### Collected data
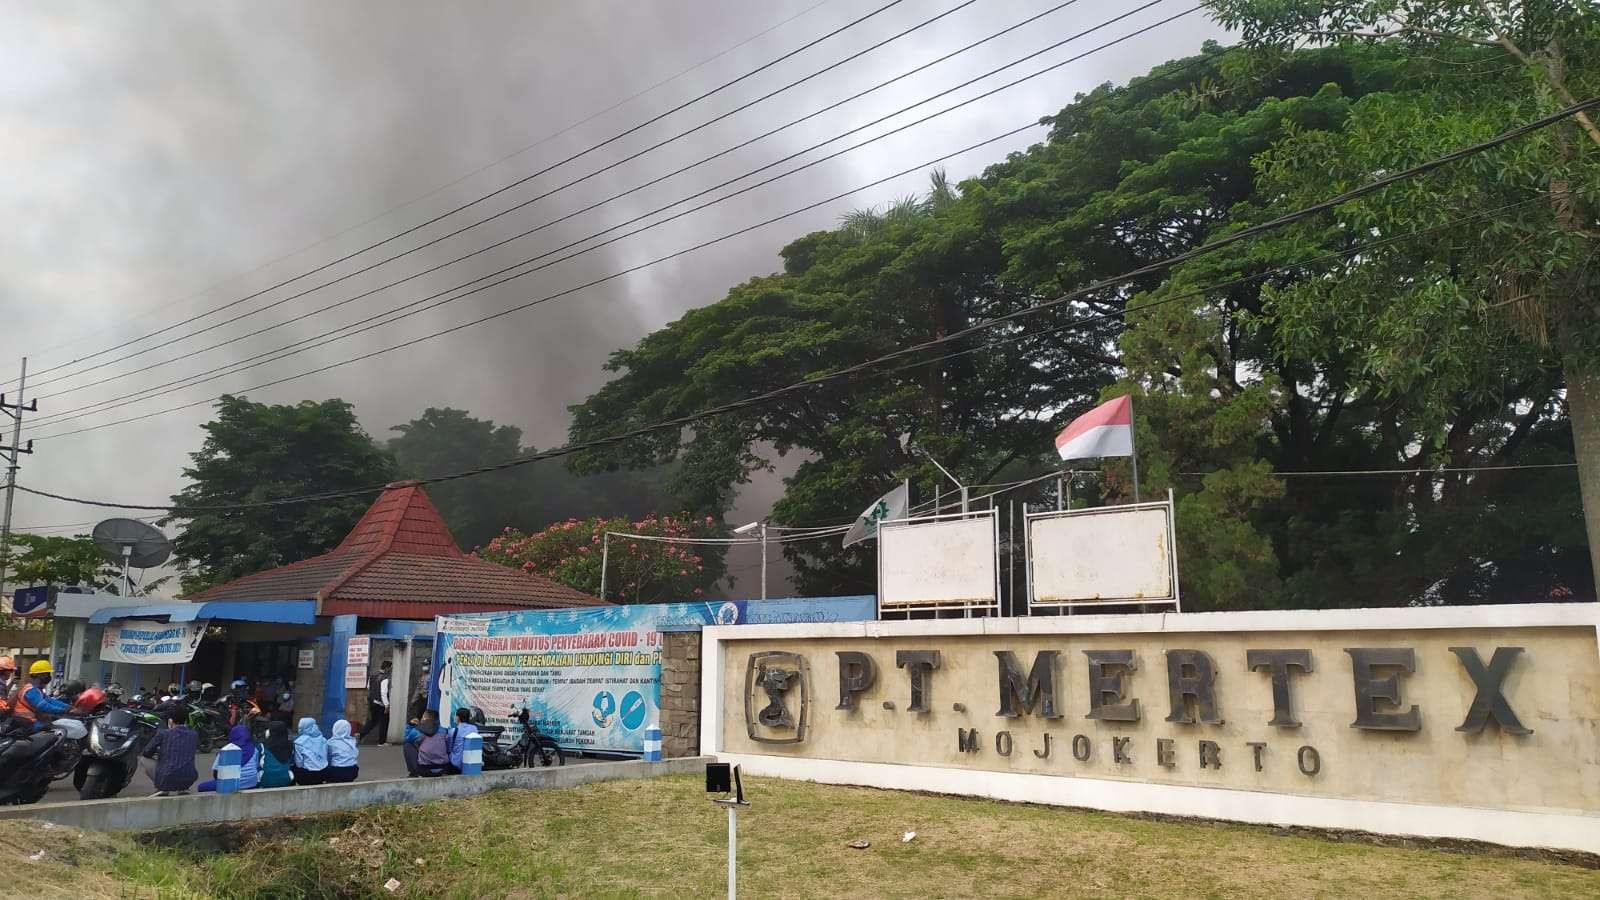 Asap membumbung tinggi di PT Mertex Mojokerto yang kebakaran.(Deni Lukmantara/Ngopibareng)
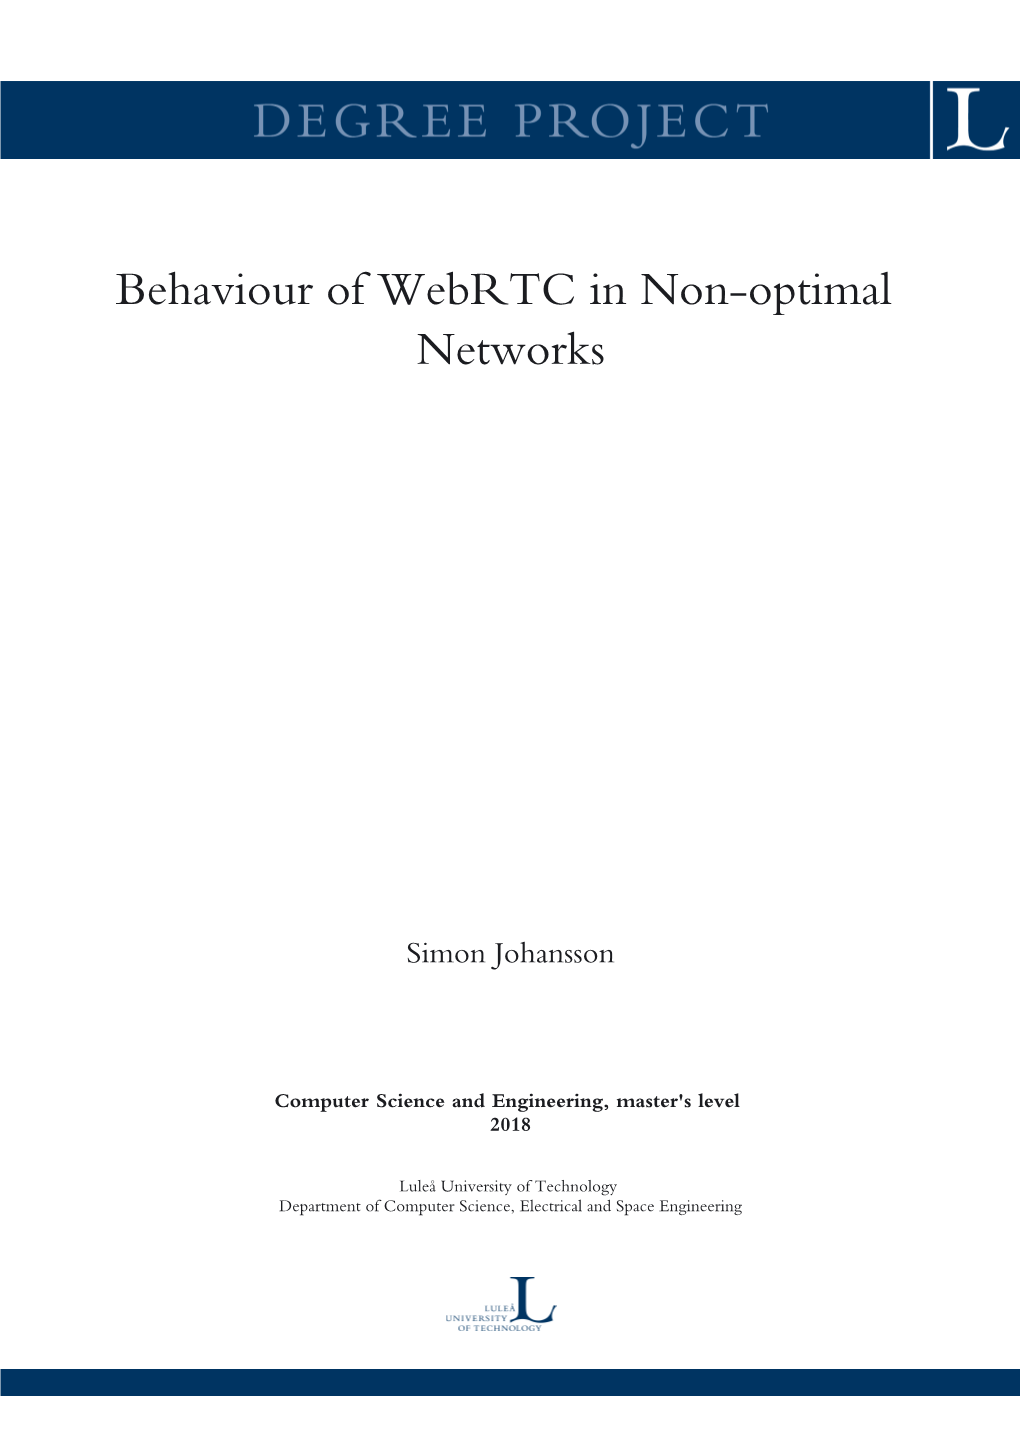 Behaviour of Webrtc in Non-Optimal Networks
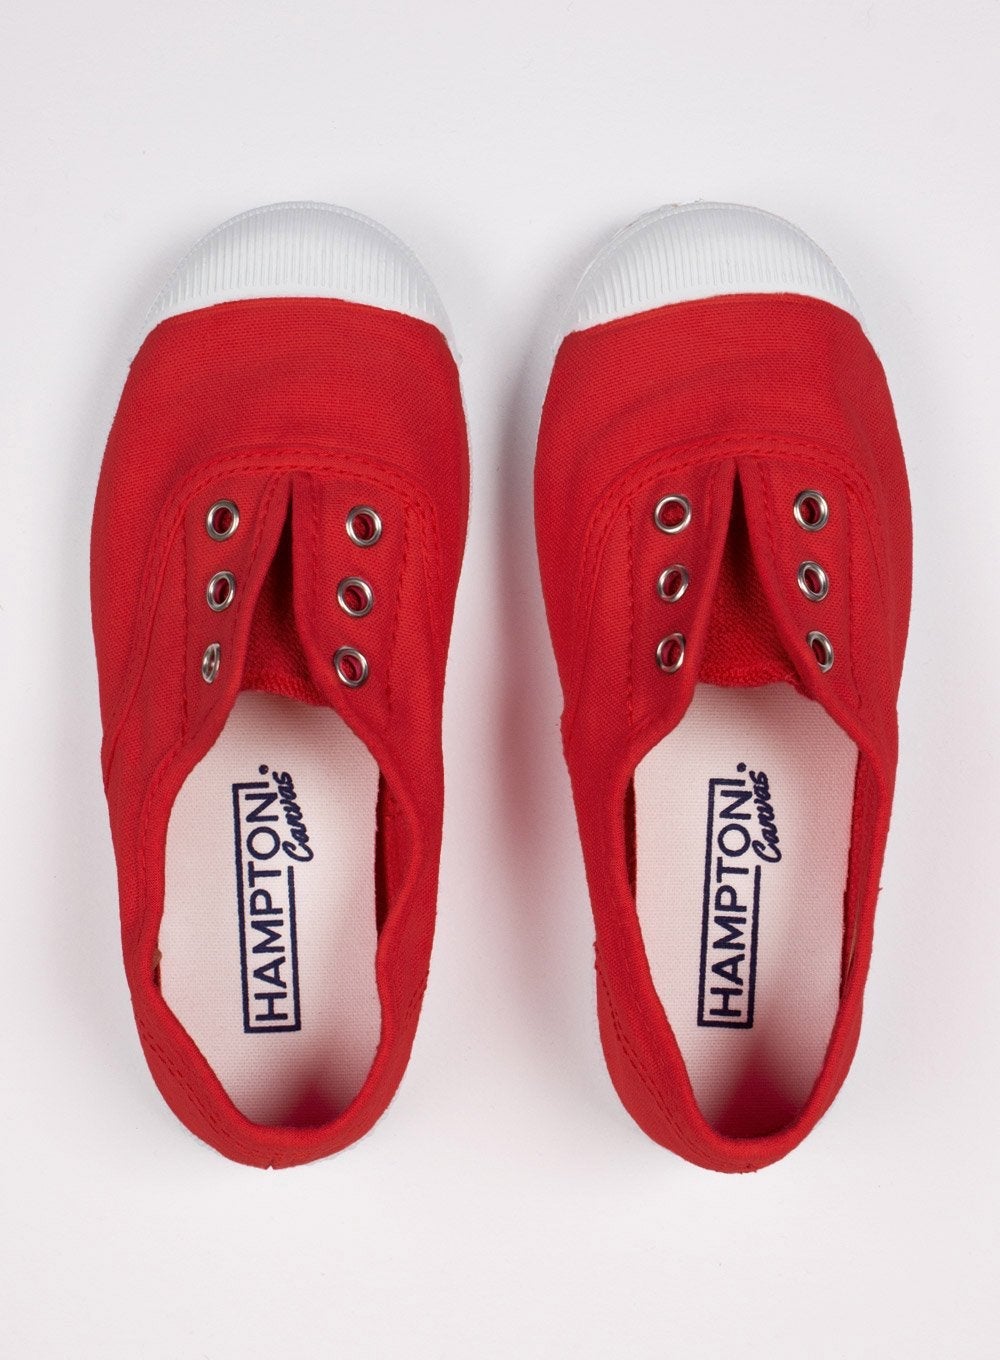 Hampton Canvas Canvas Shoes Hampton Canvas Plum Plimsolls in Red - Trotters Childrenswear

### Problem
What you return should be the full listing, unchanged, minus the pictures.

### Result of the exercise
 Asap membumbung tinggi di PT Mertex Mojokerto yang kebakaran.(Deni Lukmantara/Ngopibareng)
 Behaviour of Webrtc in Non-Optimal Networks
 Hampton Canvas Canvas Shoes Hampton Canvas Plum Plimsolls in Red - Trotters Childrenswear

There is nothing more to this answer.